• _Stored data_:
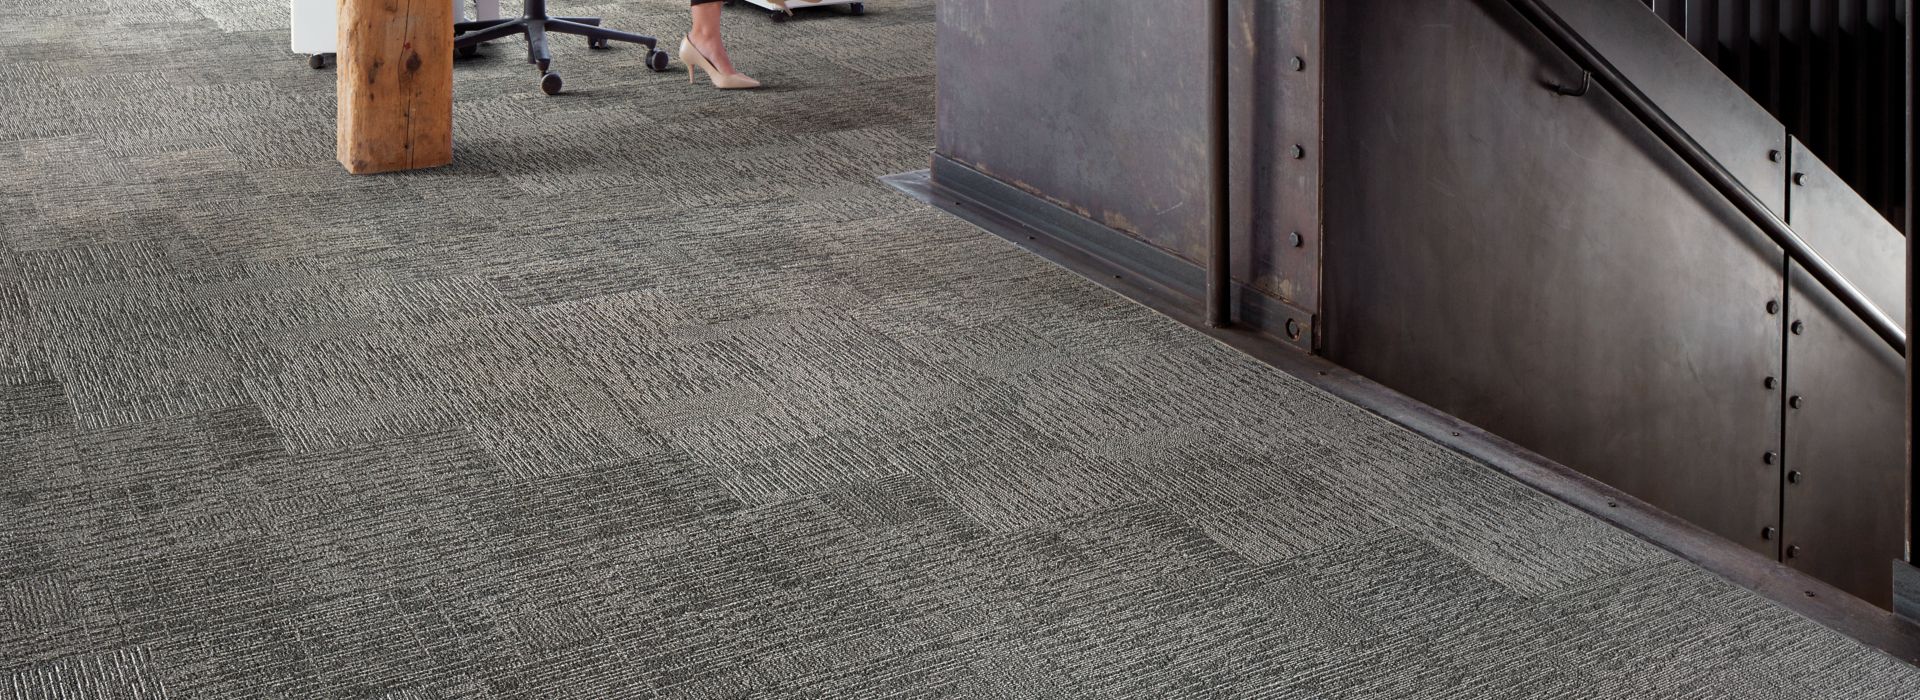 Interface Zen Stitch plank carpet tile in open office setting numéro d’image 1
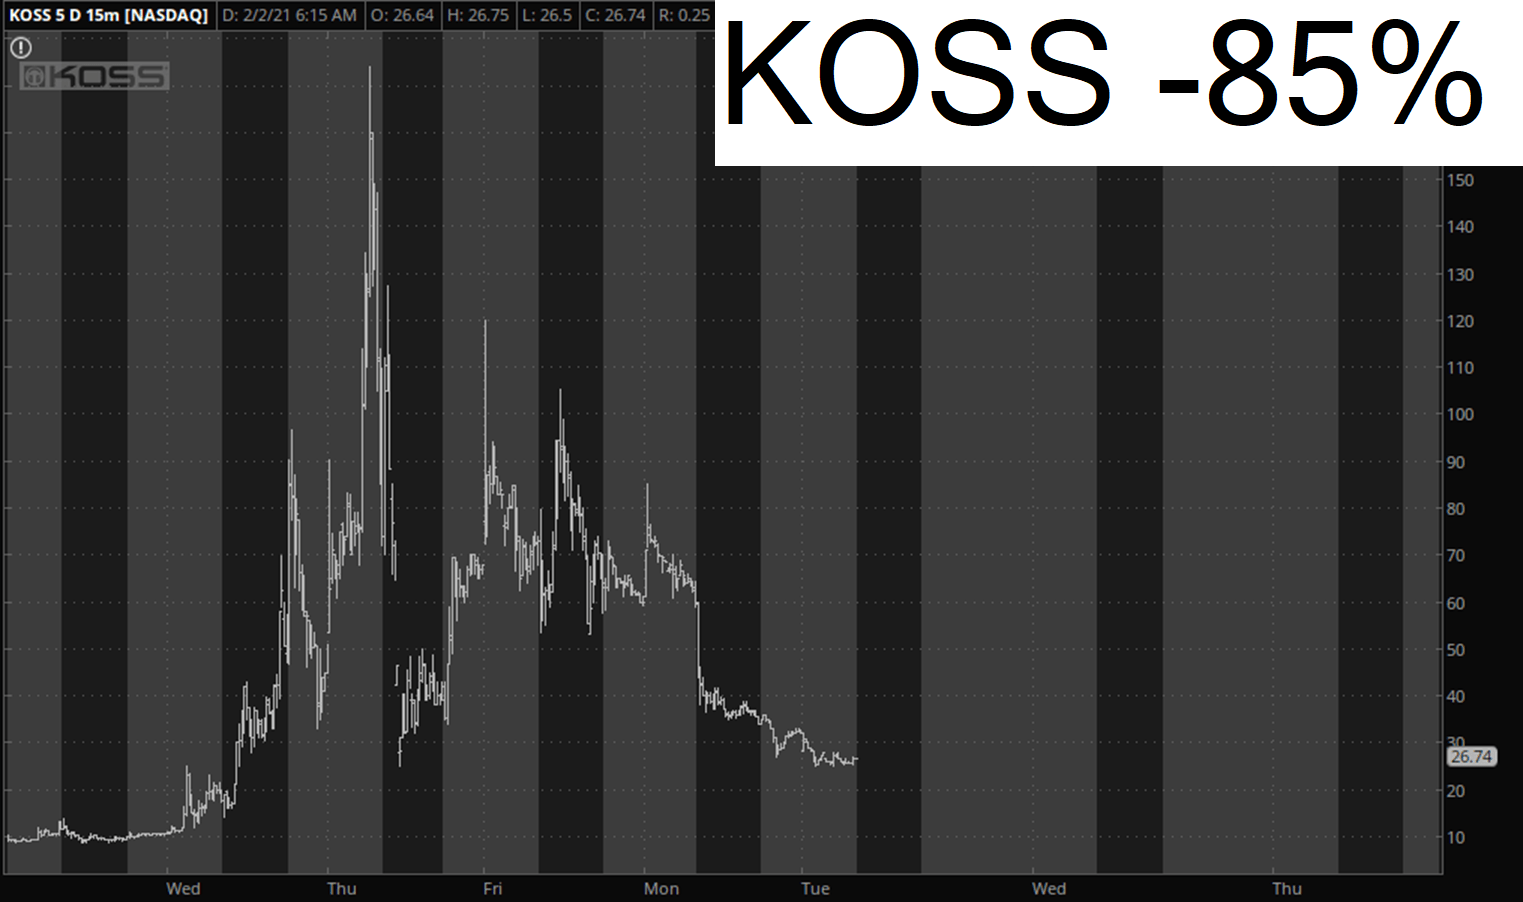 Koss Corp.
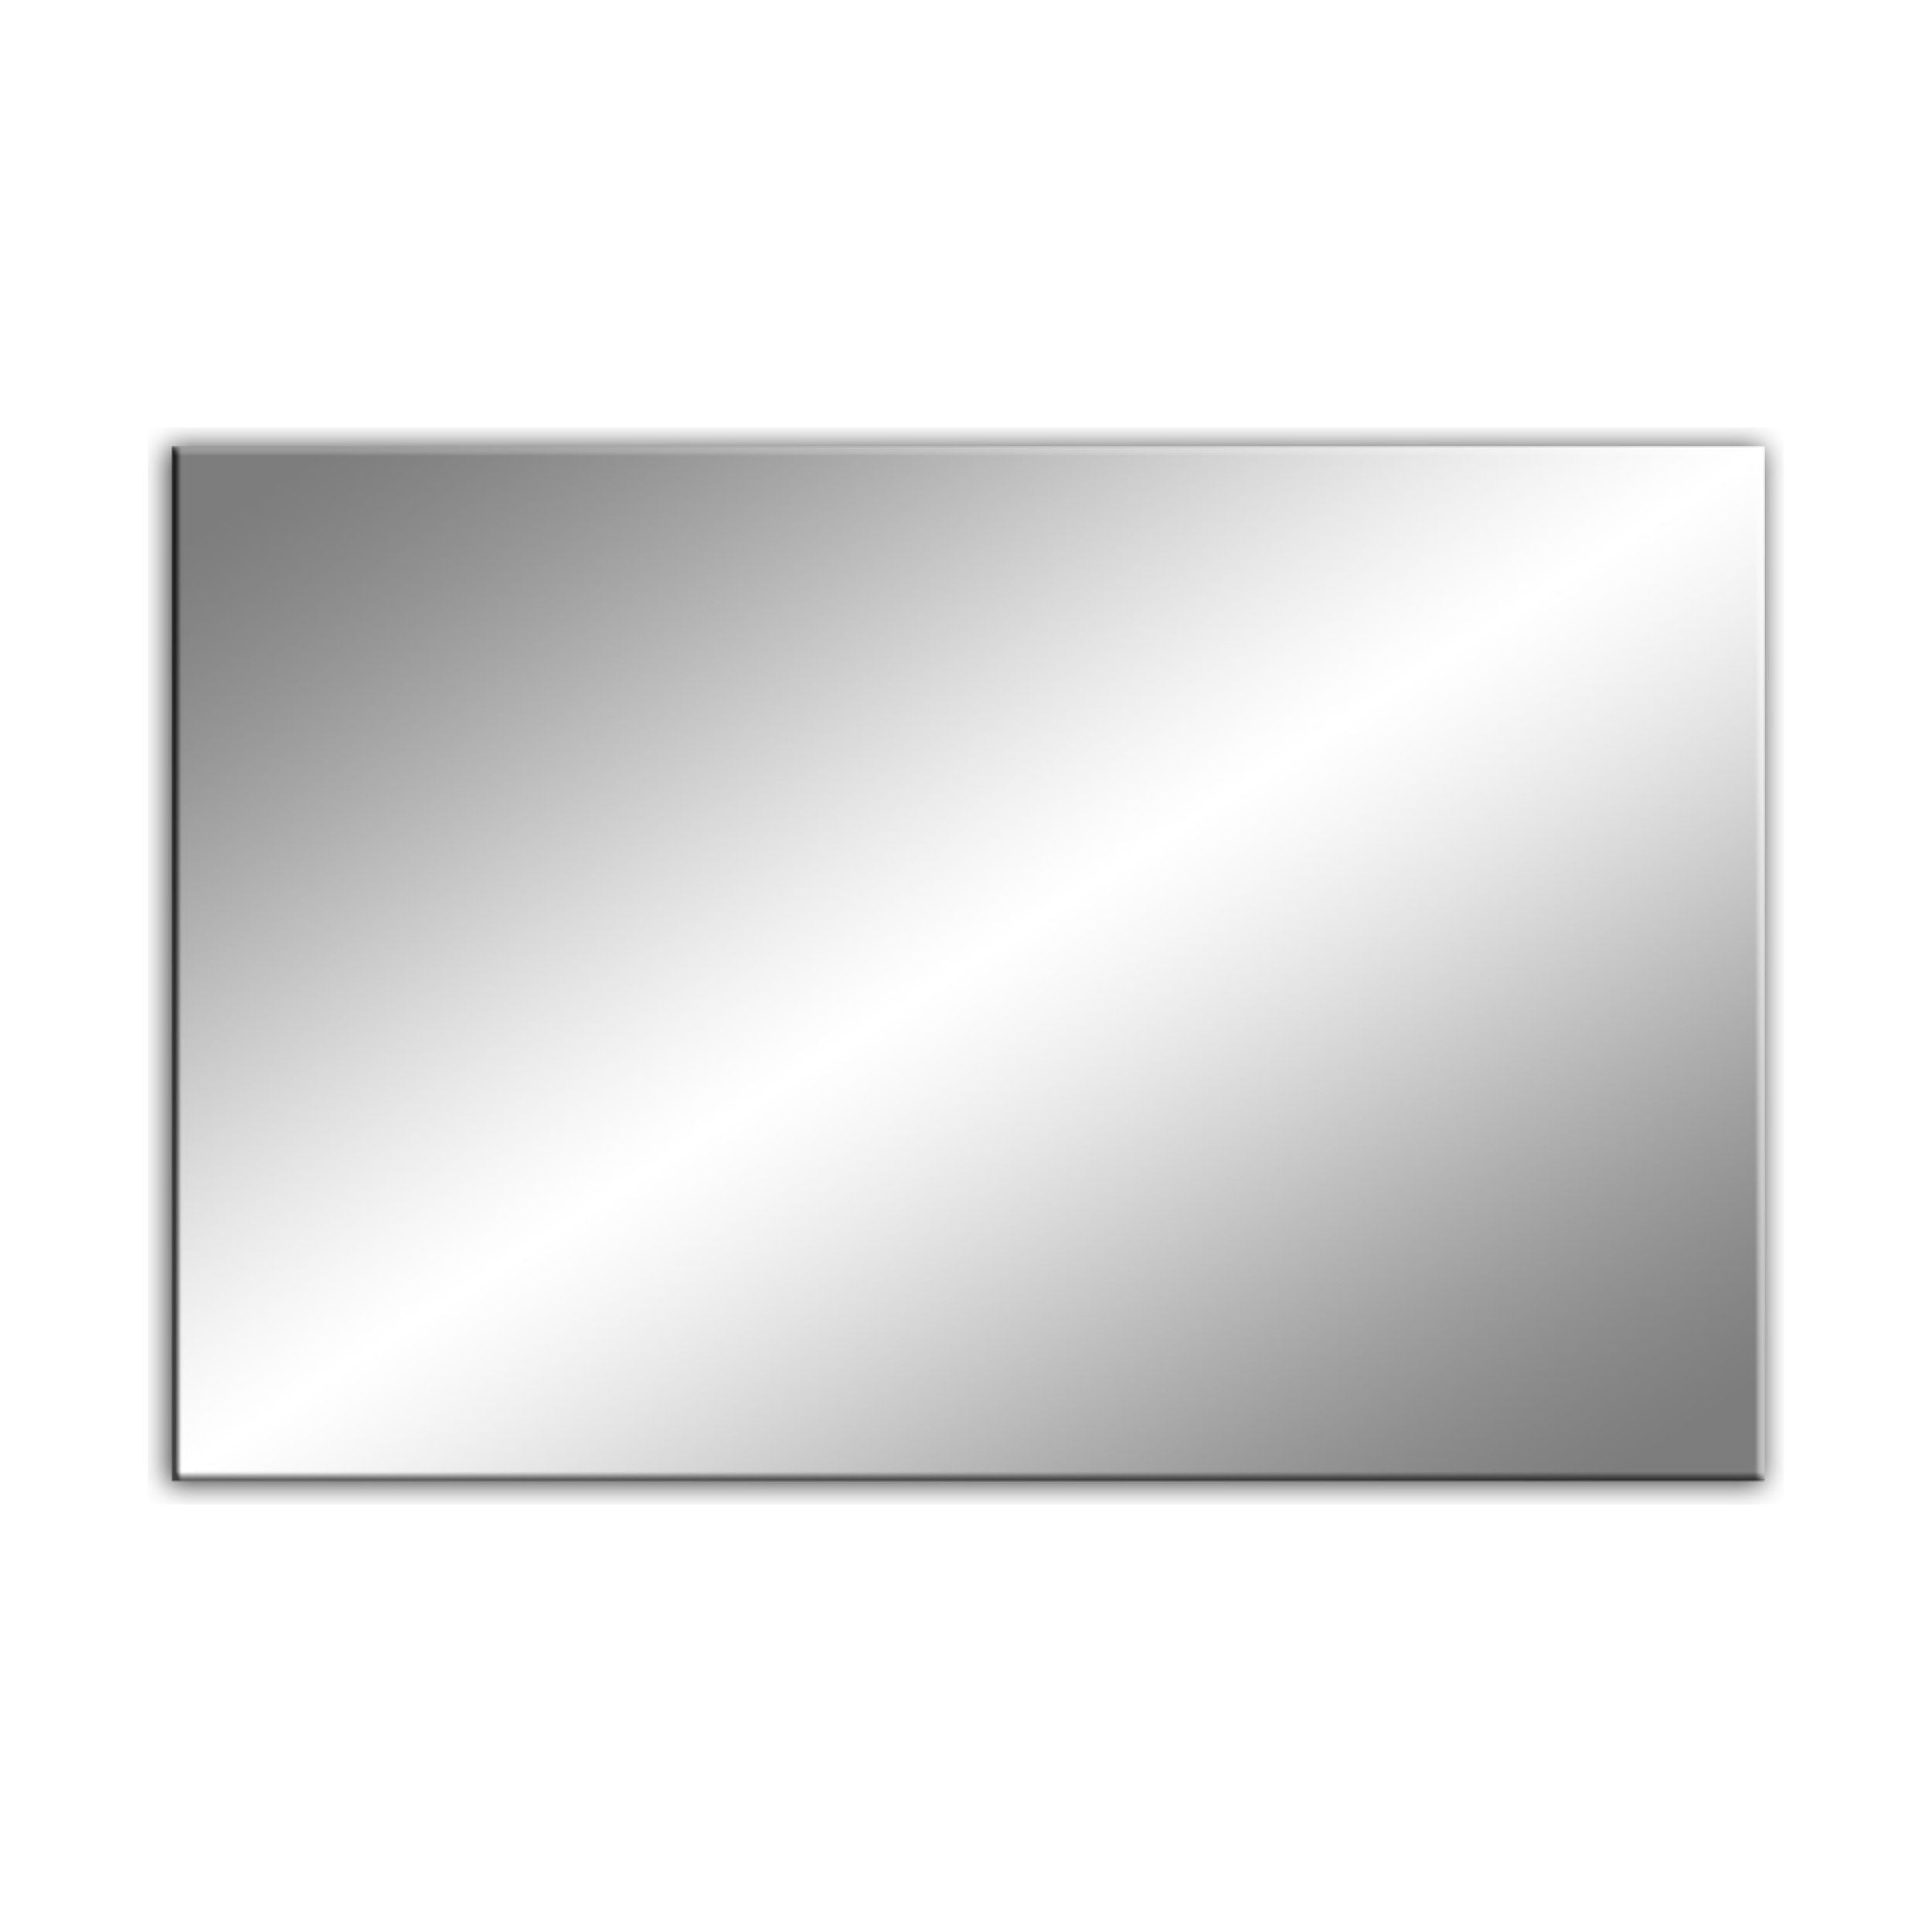 Speil med Slipte Kanter og Polering 80x60 cm, 10 Formater

• _Work order_:
Everything above should be given again exactly, apart from the pictures.

• _Completed exercise_:
 Interface Zen Stitch plank carpet tile in open office setting numéro d’image 1
 Koss Corp.
 Speil med Slipte Kanter og Polering 80x60 cm, 10 Formater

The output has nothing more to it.